For really big projects, there is more, but (A)-(D) are the basics and where
still in practice a lot of problems are.

A curious but crucial part is that nearly all the _meaning_ of the system is
just in the documentation, not the code.

------
bitwize
Rez is my favorite game of all time and the best game ever.

When I first started playing Rez, the screen was a flurry of light and color.
I could guess what things should be shot at but I was mainly shooting things
randomly and seeing what would happen.

It turns out that Rez tracks several metrics for each completed level and
these are key to progressing in the game. The "Analyzation" metric notes how
many "layer levels" of any level you've unlocked; you do this by shooting
something called a "password lock". It consists of a little satellite holding
a rainbow prismatic cube; shooting the satellite releases the cube, which must
be shot eight times to proceed to the next "layer level". Missing one of these
cubes when they appear negatively affects your "analyzation".
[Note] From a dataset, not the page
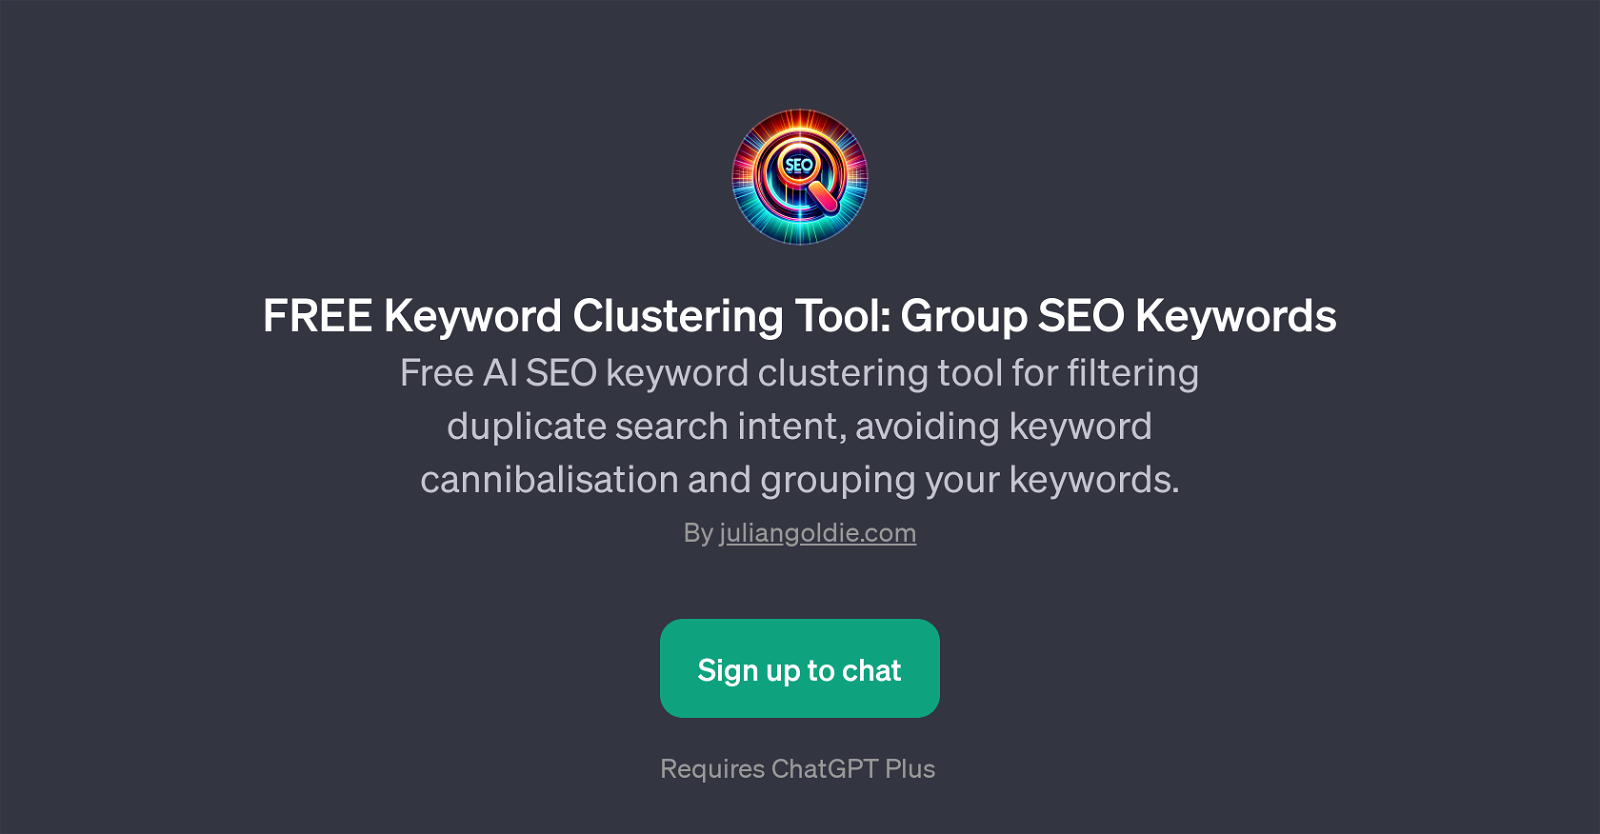 FREE Keyword Clustering Tool website

The other important metric is "Shot down", which notes how many enemies you've
killed; HOWEVER, only enemies that "spawn from nowhere" actually really count.
Enemies that spawn from other enemies do not affect your shot down total and
may be safely missed unless they are projectiles which directly threaten you
(slowly home in to your location).

So when you have a flurry of shit flying at you on the screen, suddenly target
discrimination becomes key. So you have to pay attention to the objects on-
screen and decide whether each should be shot or not, if it's worth the effort
to swing your targeting reticle over it.

Then I reached a point in my Rez play where I was not paying attention to the
targets but rather keeping it focused over the entire screen at once, noticing
everything but zeroing in on nothing -- deconcentrated attention. And then it
became no longer about aiming to shoot things down; enemies seemed to
materialize directly under my reticle waiting to be hosed down.
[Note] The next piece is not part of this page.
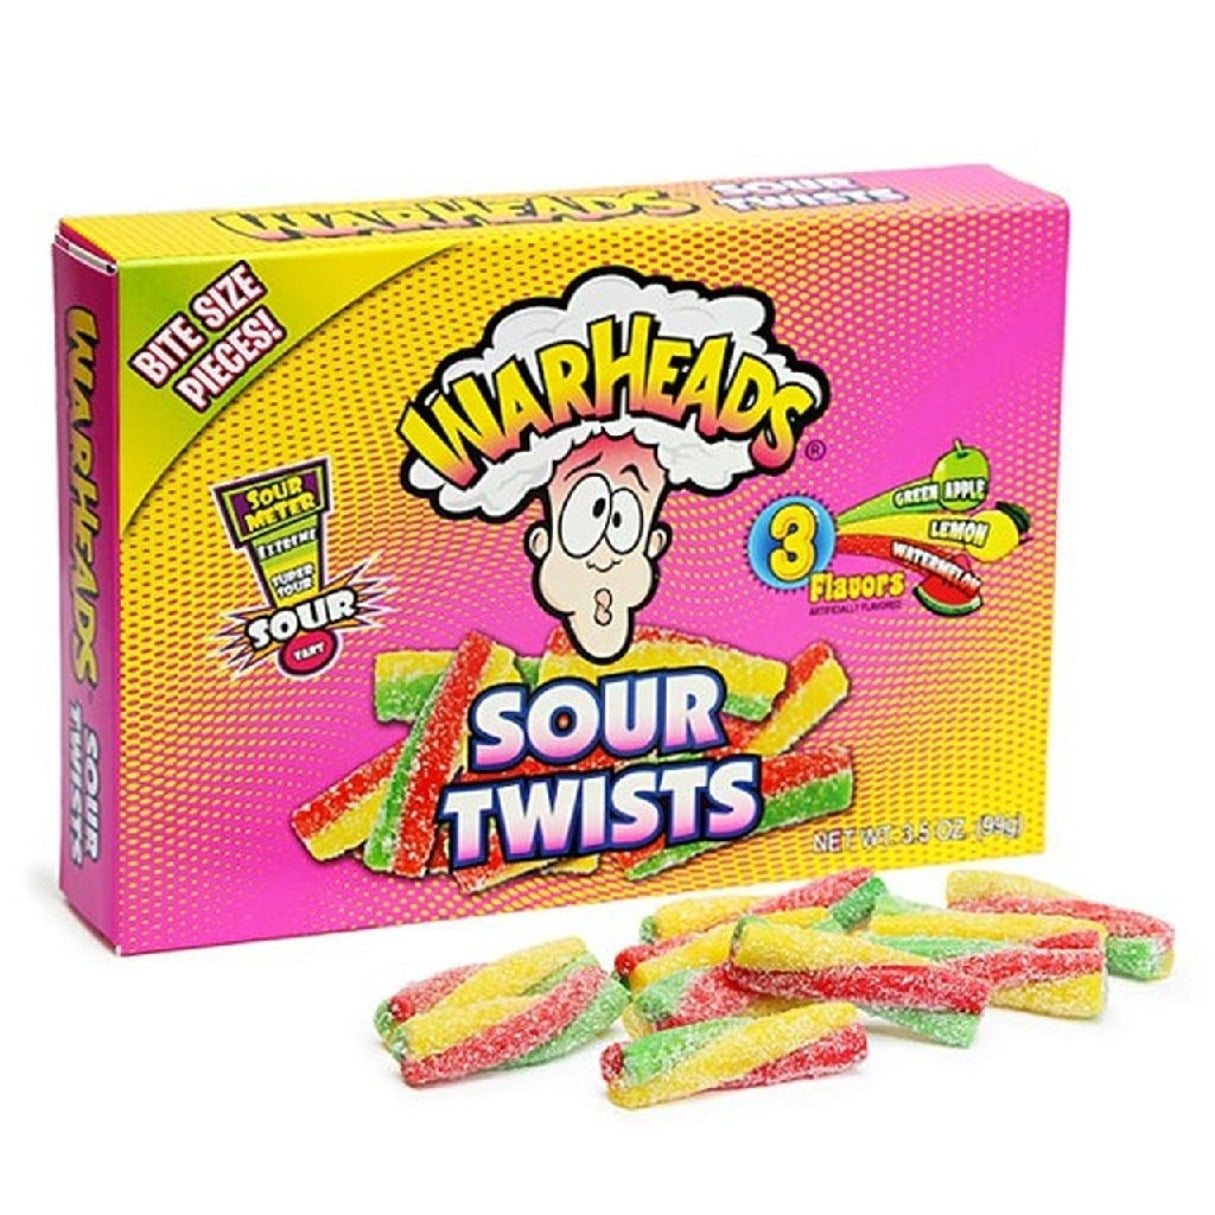 Warheads Sour Twists Box 3.5oz - 12ct

And then things got really weird. I was watching the screen, but also
observing myself _playing the game_. It almost seemed as if a different person
were at the controls, a person which I still knew was me. I was thinking and
reacting faster than I could understand what I was doing. It was akin to a
mystical experience, one sought after by many in temples, abbots, and ashrams,
brought within my humble reach by a fucking video game.

And people wonder why I'm a gamer.

To this day my copy of Rez remains a treasured possession, and playing it has
shown me many neat things about what I'm cognitively capable of.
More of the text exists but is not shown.